Here, we will briefly introduce the general strategy and code used to run the simulations.

run_comparisons

The overarching function used to run simulation comparisons is the run_comparisons function.

This approach allows for:

  • defining a procedure to simulate time series

  • defining a set of measures to apply to the simulated time series

  • applying the set of measures across simulated instances, sampling from parameter ranges

# Import the `run_comparisons` function from the custom code folder
import sys; from pathlib import Path
sys.path.append(str(Path('..').resolve()))
from apm.run import run_comparisons
# Check the documentation for `run_comparisons`
print(run_comparisons.__doc__)
Compute multiple measures of interest across the same set of simulations.

    Parameters
    ----------
    sim_func : callable
        A function to create simulated time series.
    sim_params : dict
        Input arguments for `sim_func`.
    measures : dict
        A measure function to apply to the simulated data.
        The keys should be functions to apply to the data.
        The values should be a dictionary of parameters to use for the method.
    samplers : dict
        Information for how to sample across parameters for the simulations.
        The keys should be string labels of which parameter to update.
        The values should be data ranges to sample for that parameter.
    n_sims : int
        The number of simulations to run.
    verbose : bool, optional, default: False
        Whether to print out simulation parameters.
        Used for checking simulations / debugging.

    Returns
    -------
    outs : dict
        Computed results for each measure across the set of simulated data.
    

Next, we can run an example of using run_comparisons.

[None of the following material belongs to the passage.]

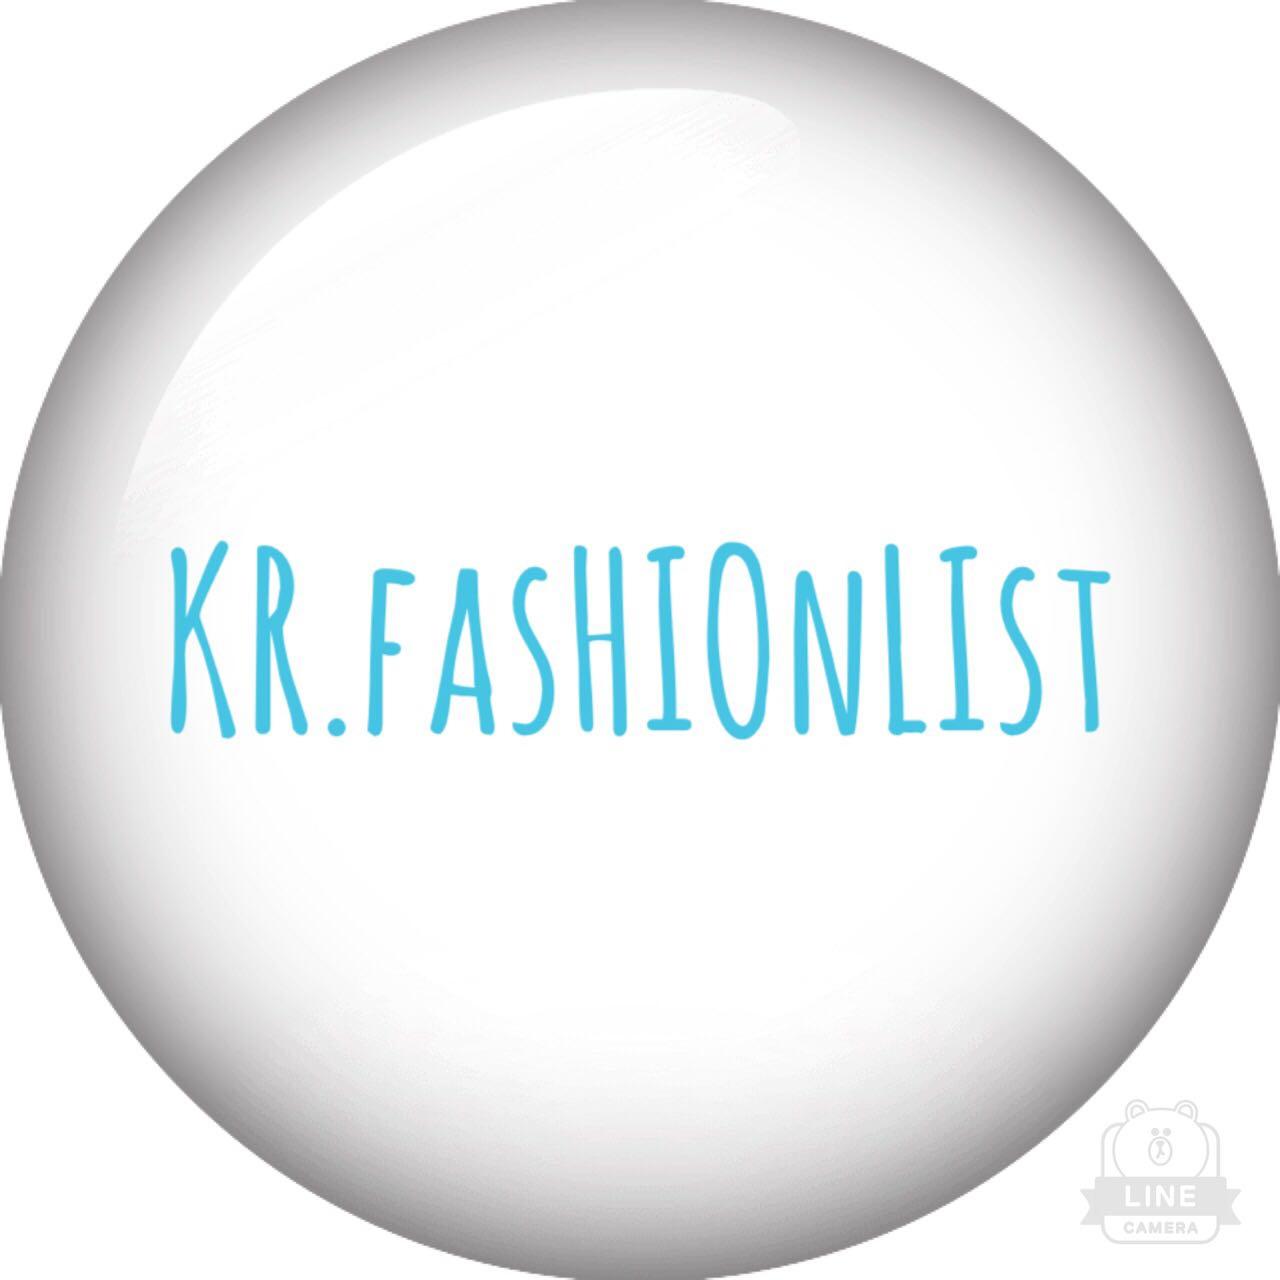 kr.fashionlist

To do so, we will define an example analysis to apply some measures of interest (here, computing the mean and the variance) across samples of simulations of powerlaw data.

import numpy as np
from neurodsp.sim import sim_powerlaw

from apm.sim.settings import SIM_PARAMS_AP
from apm.utils import sampler
# Define the measures to apply to the simulated signals
measures = {np.var : {}, np.mean : {}}

# Define how to sample across parameters, and what ranges to use
samplers = {'update_exp' : sampler(np.arange(-2.5, 0, 0.1))}
# Run comparisons across samples of aperiodic noise
outs = run_comparisons(sim_powerlaw, SIM_PARAMS_AP, measures,
                       samplers, n_sims=5, verbose=True) 
{'n_seconds': 30, 'fs': 1000, 'f_range': (0.5, None), 'exponent': -0.19999999999999796}
{'n_seconds': 30, 'fs': 1000, 'f_range': (0.5, None), 'exponent': -0.6999999999999984}
{'n_seconds': 30, 'fs': 1000, 'f_range': (0.5, None), 'exponent': -0.8999999999999986}
{'n_seconds': 30, 'fs': 1000, 'f_range': (0.5, None), 'exponent': -1.5999999999999992}
{'n_seconds': 30, 'fs': 1000, 'f_range': (0.5, None), 'exponent': -1.299999999999999}
# Check output values of computed measures
outs
{'var': array([1., 1., 1., 1., 1.]),
 'mean': array([ 2.46321482e-17,  1.89478063e-17, -9.47390314e-18, -3.03164901e-17,
        -2.98427949e-17])}

Evaluating Results

After computing the measures, we can examine the results, comparing between different measurements.

# Import a plot function to visualize the computed measures
from apm.plts import plot_dots
# Plot the computed measures against each other
plot_dots(outs['var'], outs['mean'])
../_images/20-MethodComparisons_15_0.png